アゼルバイジャンとアルメニア、アルマトイで和平交渉開催

【アスタナINPS Japan/Atana Times=ダナ・オミグラジィ】 アゼルバイジャンのジェイフン・バイラモフ外相とアルメニアのアララト・ミゾヤン外相は、5月10日にカザフスタンのアルマトイで交渉を開始した。カザフスタンのムラト・ヌルトレウ副首相兼外相は、両外相を歓迎し、カザフスタンが仲介役を引き受けることなく、交渉をホストする事務局としての職務を誠実に遂行する準備ができていることを強調した。 「アゼルバイジャンとアルメニア両国は、カザフスタンにとって親密な国であるだけでなく、重要な戦略的パートナーでもあります。古来より、両国民は何世紀にもわたる友好の絆、相互理解、共通の歴史的過去によって結ばれてきました。両国間の協議が、信頼にもとづく対話を通じて実りあるものとなり、成功裏に目標を達成することを祈念します。」と語った。 バヤラモフ外相は、カザフ政府、とりわけこの交渉をホストするイニシアチブをとってくれたカシム・ジョマルト・トカエフ大統領に感謝の意を表した。 「我々はこのプロセスを非常に重要視しており、作業を継続する用意があることを確認したい。アルマトイでの交渉は非常に有益なものになると確信しており、今後2日間、未解決の問題の解決策を見出すために前向きに取り組んでいきたい。」とバイラモフ外相は語った。 ミゾヤン外相もまた、今回の会談をホストしたカザフ政府に感謝の意を表した。 「アルメニアは和平を目指していることを強調したい。
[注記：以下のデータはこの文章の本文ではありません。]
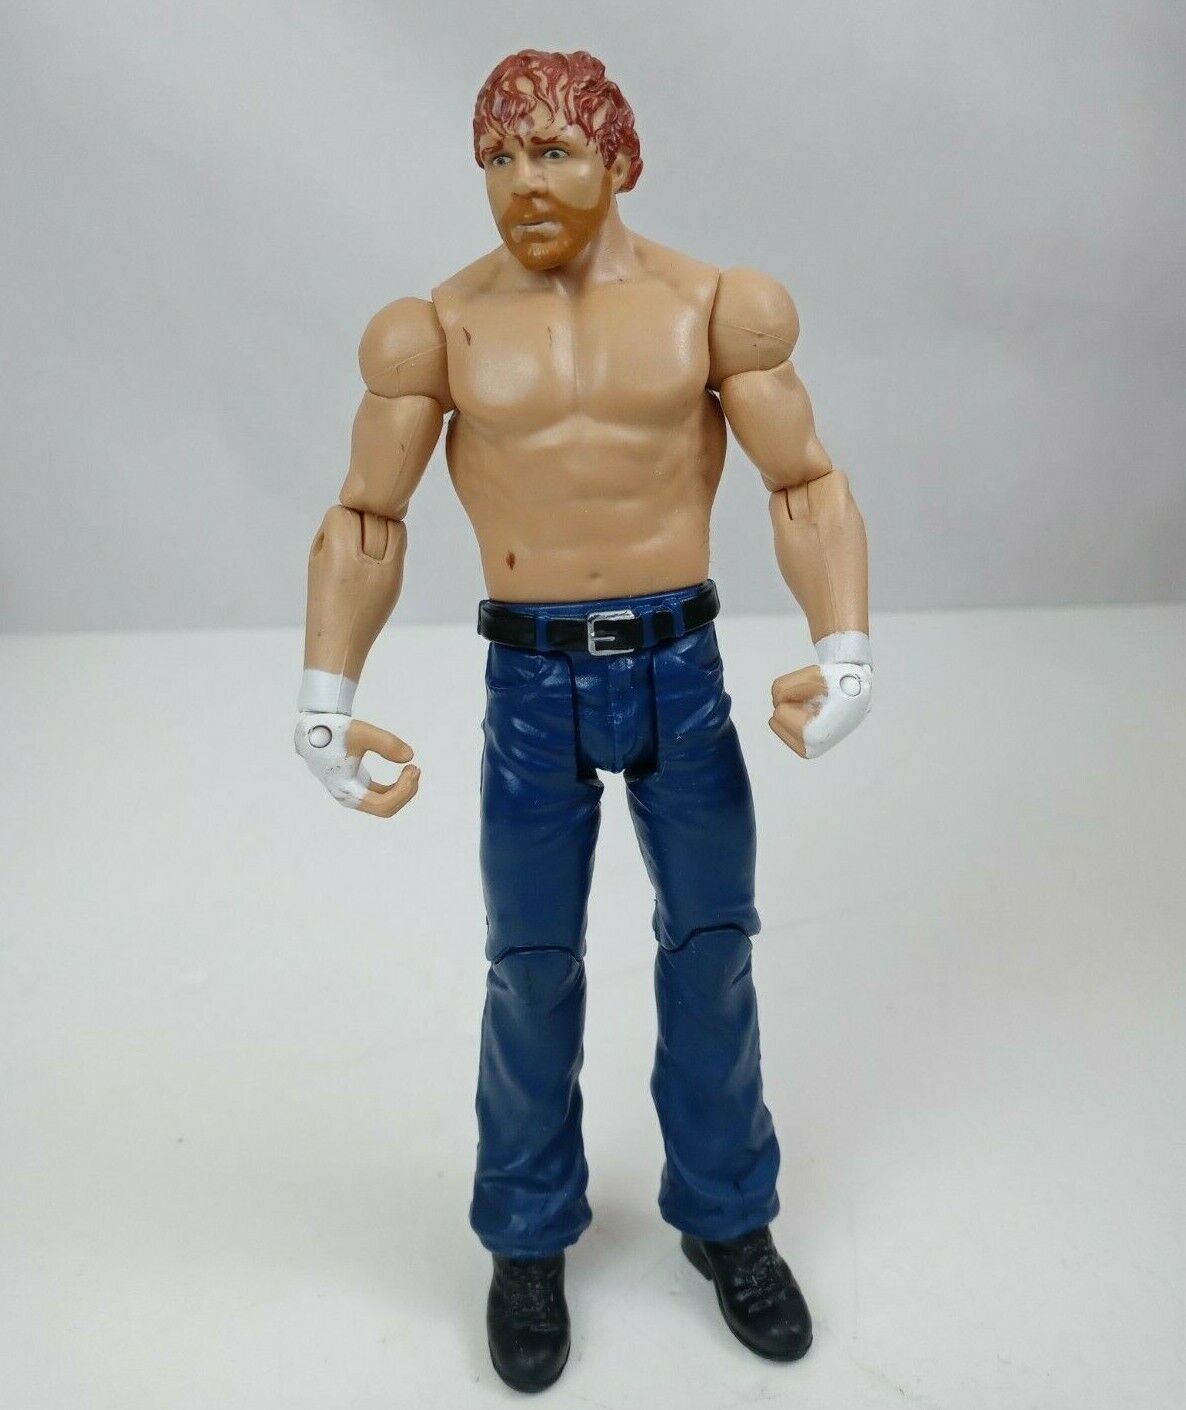 Primary image for 2014 Mattel WWE WrestleMania 34 Dean Ambrose 7" Action Figure (A)

我々は非常に建設的に交渉プロセスに参加しています。さらに、我々は平和条約の締結にとどまるべきでないと考えています。すべての輸送インフラは、その領土を通過する国々の主権の下に置かれるという理解の下で、(現在遮断している)域内のすべての交通通信を共同で解除することができます。私たちが合意する国境、行政、税関手続きを抑制するすべての手続きは、相互主義の原則に従い、相互のものとなります。」とミゾヤン外相は語った。 ヌルトレウ外相はまた、アゼルバイジャンおよびアルメニアの外相と個別に二国間協議を行い、協力の展望について話し合った。 ミゾヤン外相との会談では、両外相はカザフスタンとアルメニア間でハイレベルの政治対話が進展している現状に満足の意を示した。 3カ国の外相は、国境画定を含むアゼルバイジャン・アルメニア間の関係解決における画期的な1991年のアルマ・アタ宣言の役割を挙げ、今般アルマトイでアゼルバイジャンとアルメニア外相が会談した象徴的な重要性を強調した。 バヤラモフ外相との会談では、カザフ・アゼルバイジャンの戦略的パートナーシップと同盟の強化について話し合われ、貿易と通過・輸送拡大の可能性について意見交換が行われた。 バイラモフ外相は、アゼルバイジャンとアルメニアの二国間和平プロセス促進におけるカザフスタン政府の努力と支援に感謝の意を表した。(原文へ) INPS Japan この記事は、Astana Timesに初出掲載されたものです。 関連記事: アゼルバイジャンのシュシャで「カリ・ブルブル」国際音楽祭が開幕 |視点|カザフスタンが 「21世紀のスイス」になる可能性(ドミトリー・バビッチ) |視点|カザフスタンの宗教間対話イニシアチブ:知恵とリーダーシップで世界の調和を育む(浅霧勝浩INPS Japan理事長)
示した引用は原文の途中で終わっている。